Development of a prognostic model needs to consider various steps, such as the specification and coding of predictors for the model, and how to estimate the model parameters (5). Regression modeling is the most common approach, while machine learning techniques are gaining interest. Both regression and machine learning methods provide predictions for individual patients. It is important to evaluate the quality of the predictions for the derivation cohort (internal validation) as well as for new settings that may differ from the derivation cohort (external validation) (5,6).


Internal validation

Apparent validation implies assessment of model performance directly in the derivation cohort. This approach yields an optimistic estimate of model performance, because the regression coefficients are optimized for the derivation cohort (5). Split-sample validation entails random splitting of the derivation cohort into a development and validation sample. This is a standard but inefficient procedure, and is therefore not recommended (6). Cross-validation and bootstrap resampling are more reliable and desirable methods for internal validation. Cross-validation comprises model development on a part of the derivation cohort, and validation on the rest of the sample. This process is repeated until all patients have been used for model validation, and model performance is estimated over all validations (5). A 10-fold cross-validation uses 90% of the derivation sample for development with validation at 10%; repeated 10 times. Bootstrap resampling indicates drawing random samples with replacement from the derivation cohort, with sample size equal to that of the original cohort. A model is constructed in the bootstrap sample, and its performance is evaluated both in the bootstrap sample and the original cohort. The difference indicates the optimism in performance (5). This optimism is subtracted from the apparent performance to indicate the expected model performance for future patients similar to the derivation cohort. At least 100 samples should be drawn to obtain stable estimates.


External validation

External validation relates to the generalizability and transportability of the prognostic model to another population (1,5). For example, the IMPACT models were validated in the Corticosteroid Randomisation after Significant Head Injury (CRASH) trial—an independent and more recent cohort (3). An elegant variant of cross-validation can also be applied if data from multiple studies are analyzed: validation by leaving out all of the included studies once (3,7).


Performance measures

The classic measures to express model performance are discrimination and calibration. Discrimination refers to the ability of the prognostic model to distinguish between high and low risk patients, and is commonly quantified with the concordance statistic (C-statistic, equal to the area under the receiver operating characteristic curve, AUC). At internal validation, optimism in the C-statistic of the IMPACT models was minimal according to a bootstrap resampling procedure. This is explained by the large sample size (>5,000 patients in all analyses). At cross-validation by study, C-statistics ranged between 0.66 and 0.87, with slightly better performance with increasing model complexity. At validation in the CRASH trial, the C-statistics for the IMPACT core and extended models ranged from 0.78 to 0.83 (3). Note that the discriminative ability of a model at external validation is influenced by differences in case-mix between the derivation and validation cohort. Discriminating high from low risk is more feasible in a heterogeneous population (e.g., an observational study) than in a homogeneous population (e.g., a randomized trial). Indeed, higher C-statistics were found when validating the IMPACT models in less selected cohorts rather than in a randomized controlled trial with strict inclusion criteria (8).

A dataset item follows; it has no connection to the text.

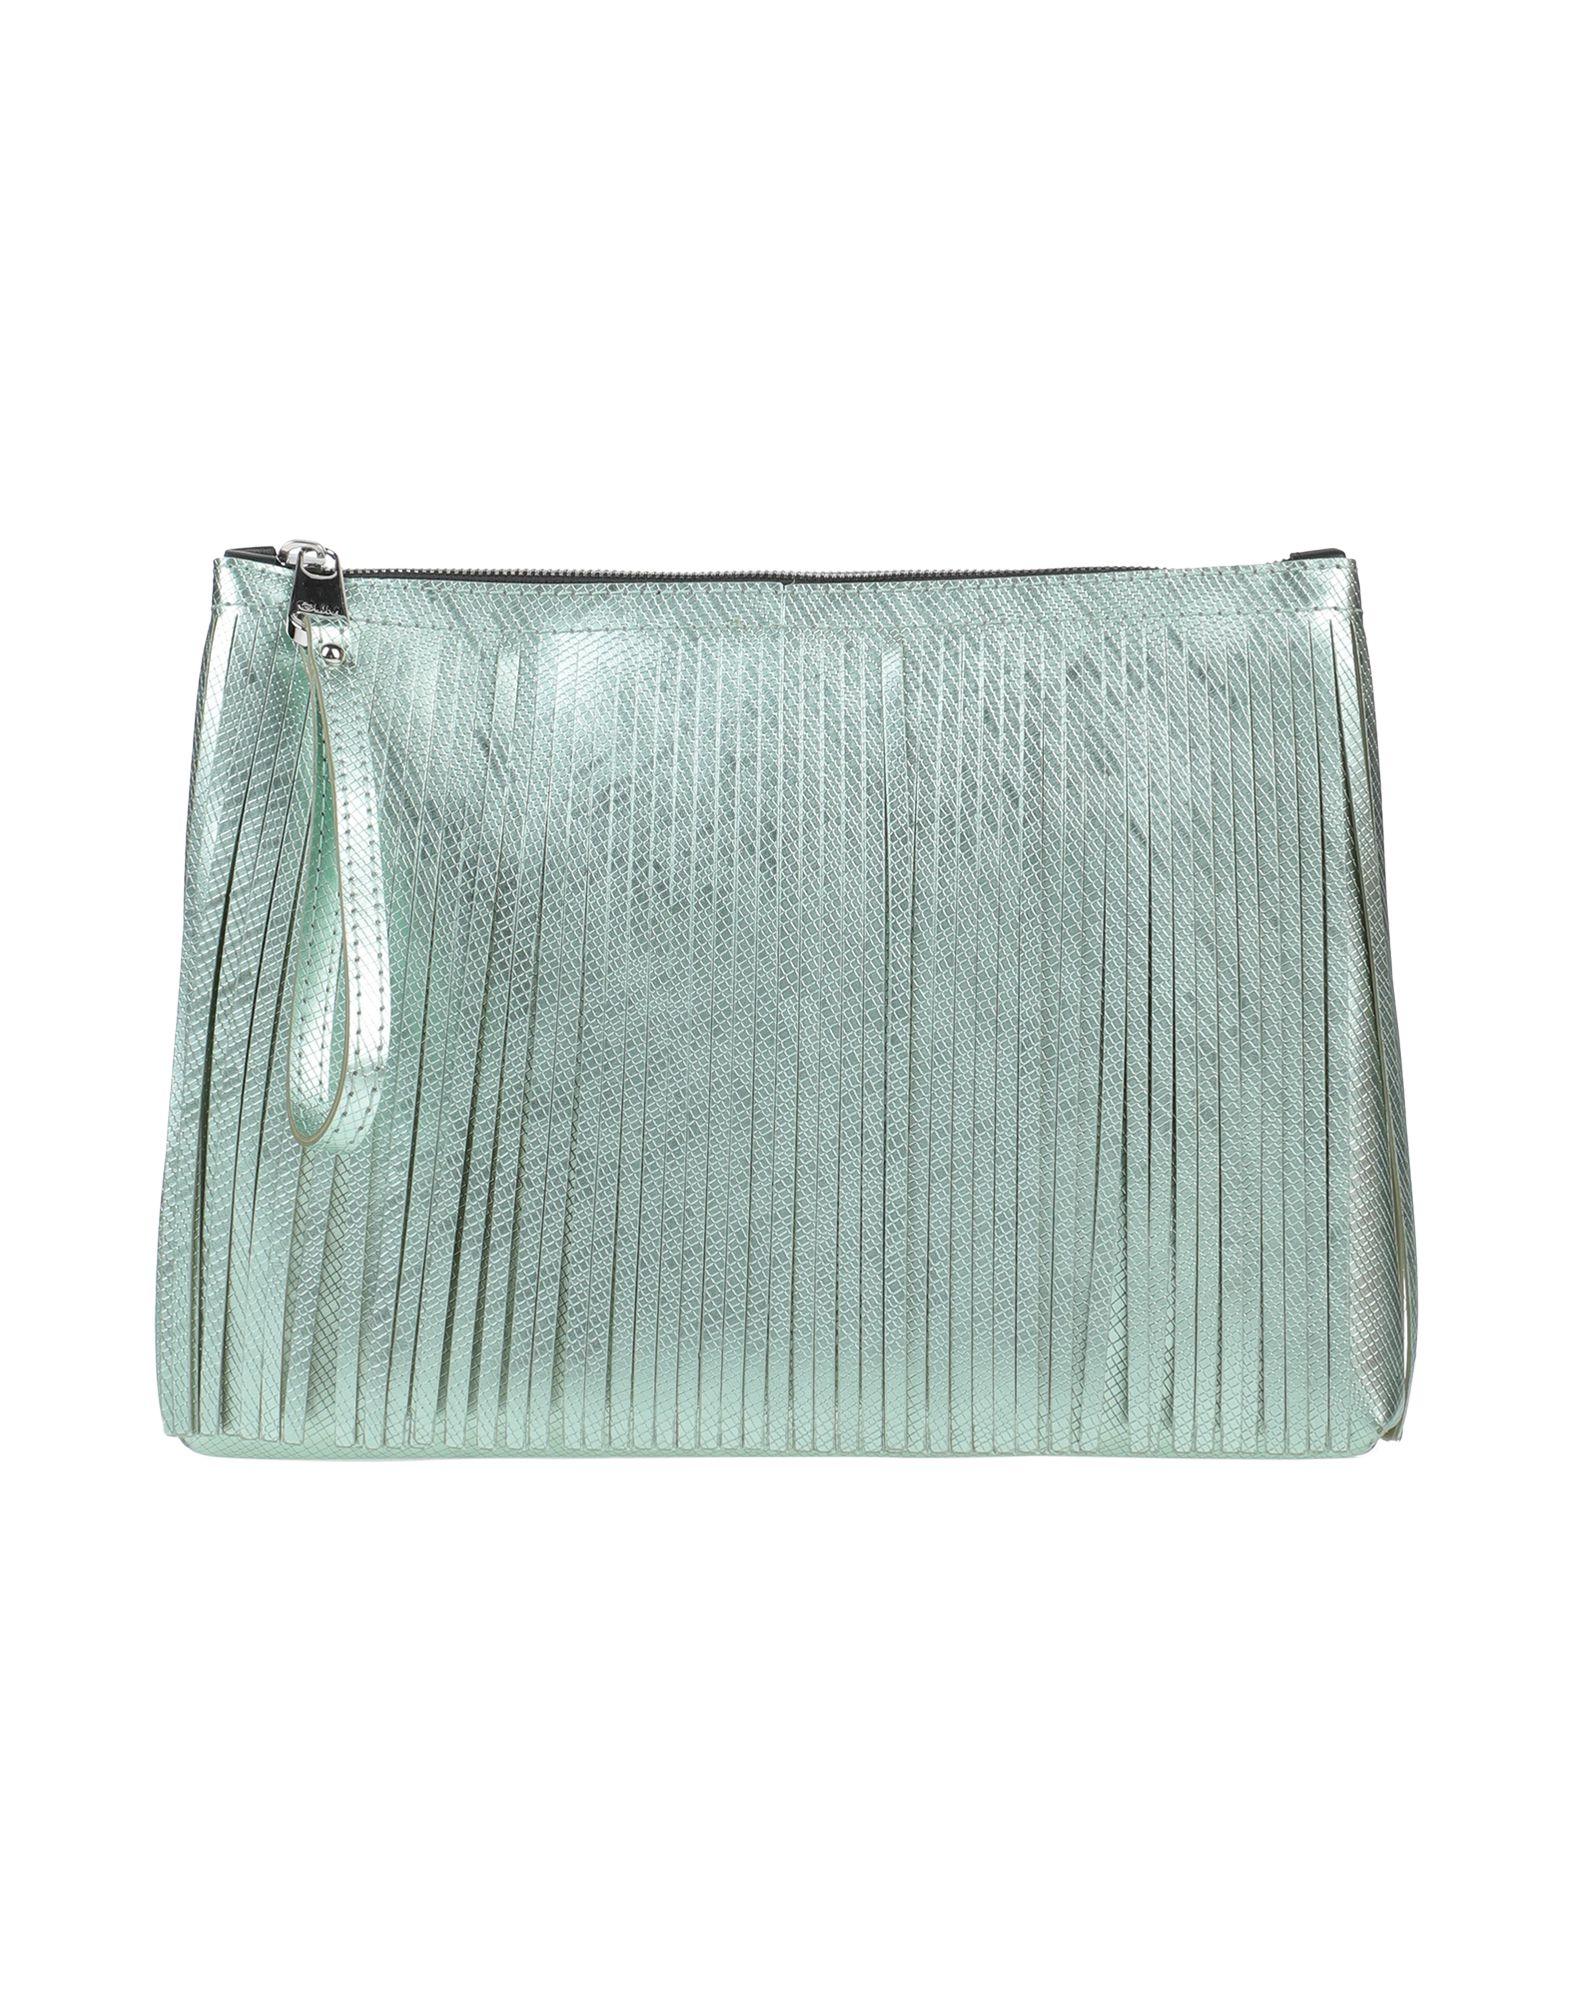 GUM BY GIANNI CHIARINI Сумка на руку рюкзак gianni chiarini zn 9230 18pe ind marble

Calibration indicates the agreement between observed outcomes and predicted probabilities. Calibration may be assessed graphically in a calibration graph (Figure 1A,B). Ideally, we observe a 45 degree line with calibration slope 1 and intercept 0. Calibration is less relevant at internal validation, because any model provides on average correct predictions for the derivation cohort. At external validation, the IMPACT models showed some miscalibration, with systematic underestimation of the risk for mortality and unfavorable outcome (Figure 1A,B) (3). Such systematic miscalibration may be attributed to differences in predictors that were not included in the proposed model, e.g., differences in treatment. In the current literature on prognostic models, the importance of model calibration is often undervalued. Adequate model calibration is however crucial for adequately informing patients about their risks, and for decision support (9).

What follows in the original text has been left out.